In order to finally prove the direct involvement of FUS in the back-splicing reaction, we cloned the exon regions of c-03 and c-87 together with ∼1,500 nucleotides of flanking introns into the pcDNA 3.1+ expression vector (Fig. 5a). Transfection in N2a cells together with scramble and FUS siRNAs indicated that both constructs were able to produce the corresponding circRNAs and to respond to FUS as the host endogenous transcripts (Fig. 5b and Supplementary Fig. 5).
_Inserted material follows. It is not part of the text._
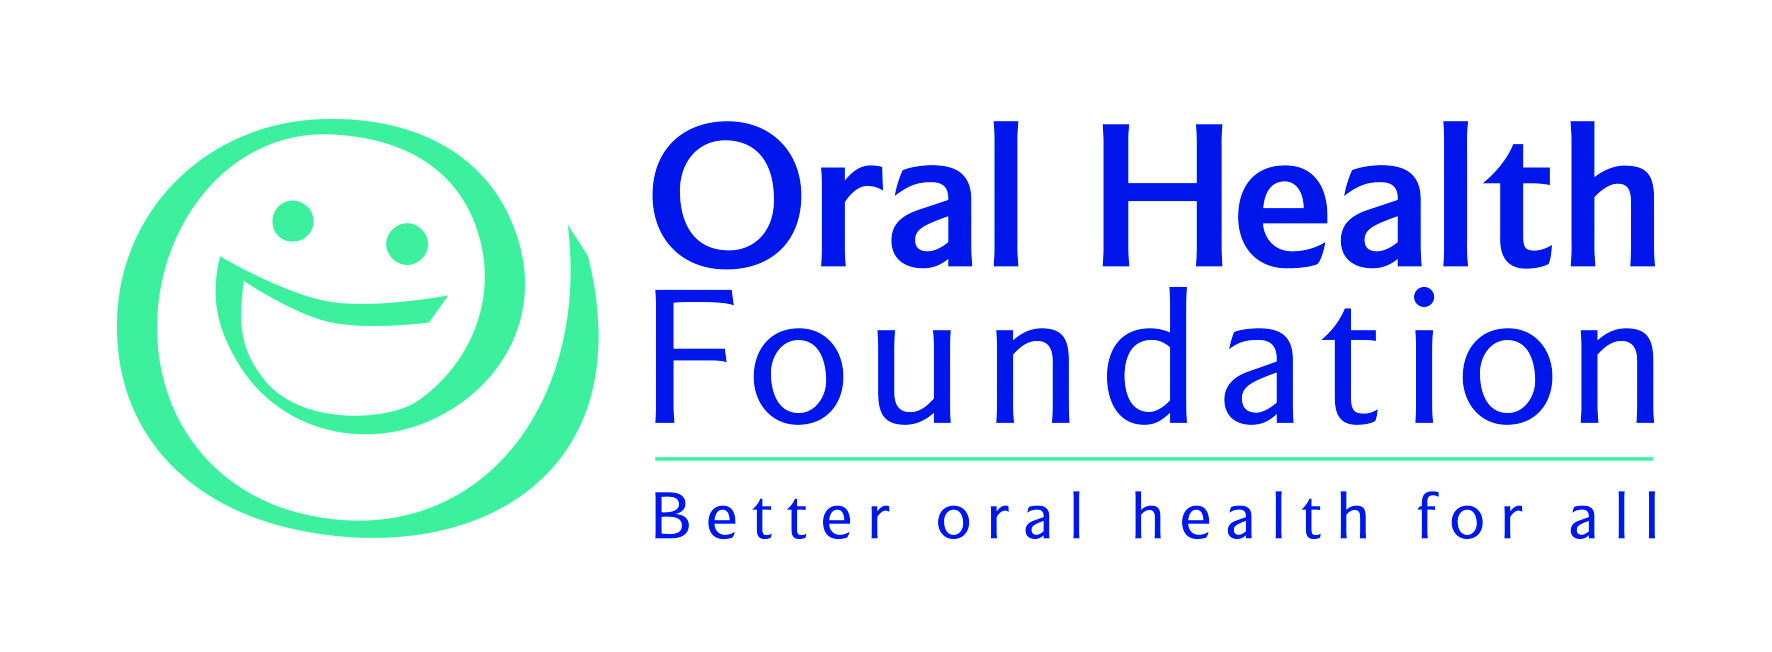 Oral Health Foundation UK - United Kingdom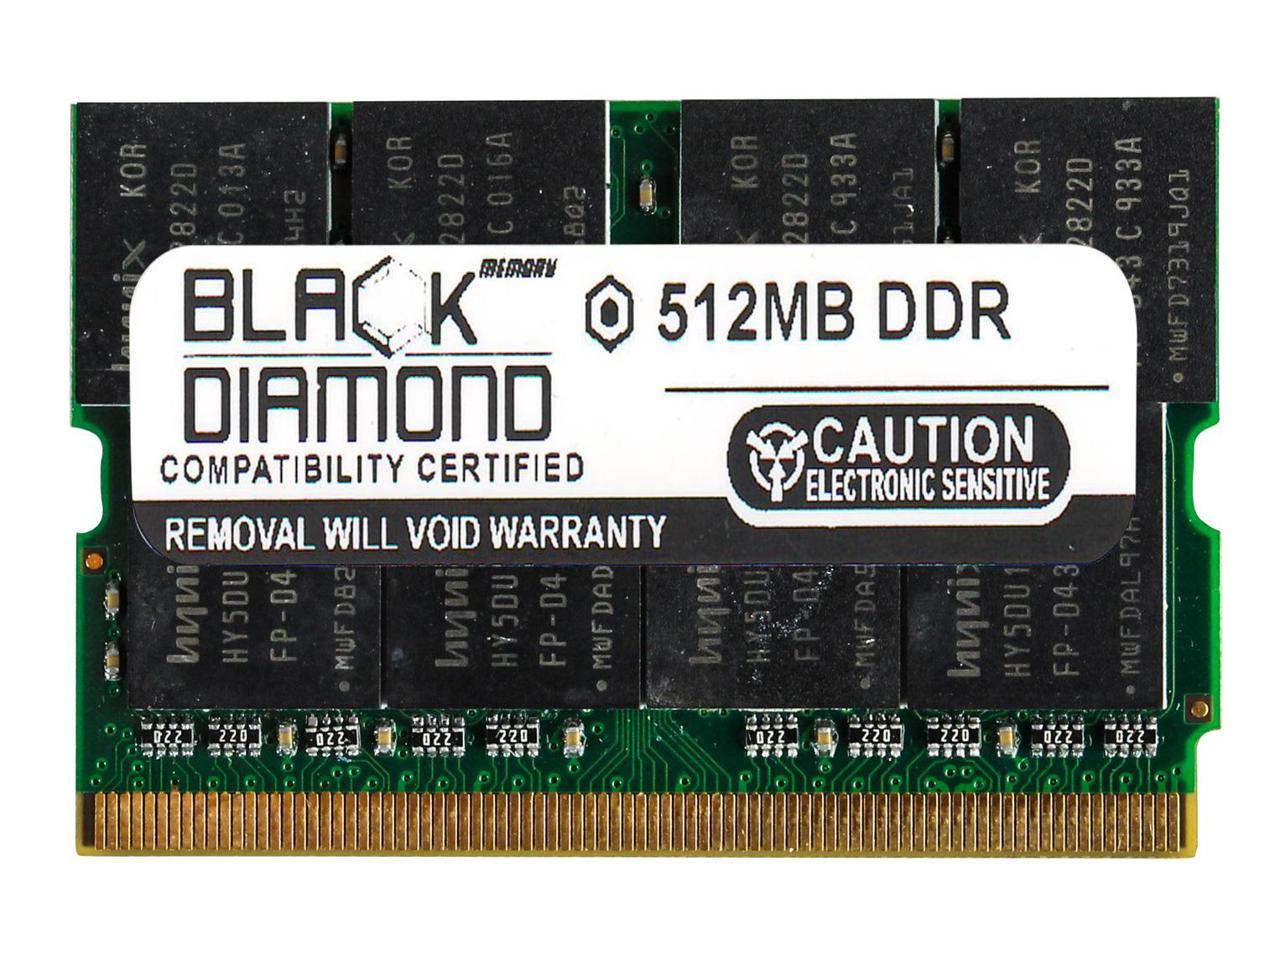 4GB 2X2GB Memory RAM for Tyan S Series Tyan S5381WG2NR 240pin PC2-5300 667MHz DDR2 UDIMM Black Diamond Memory Module Upgrade

In particular, c-HA03 was downregulated while c-HA87 was upregulated upon FUS depletion. These data indicate that ∼1,500 nucleotides are sufficient to drive circularization and to confer FUS dependence of the back-splicing reaction.
The discovery that circRNAs are widely expressed and highly conserved in all cell types has increased the potential impact of non-coding RNAs on cell function, adding to the complexity of regulatory processes. Moreover, in the nervous system where alternative splicing occurs more frequently than in other tissues, back-splicing further enlarges the number of transcript isoforms deriving from a primary transcriptional unit. It is now clearly established that circRNAs are not the result of splicing errors but instead, their biogenesis depends on the concerted activity of cis- and trans-acting factors.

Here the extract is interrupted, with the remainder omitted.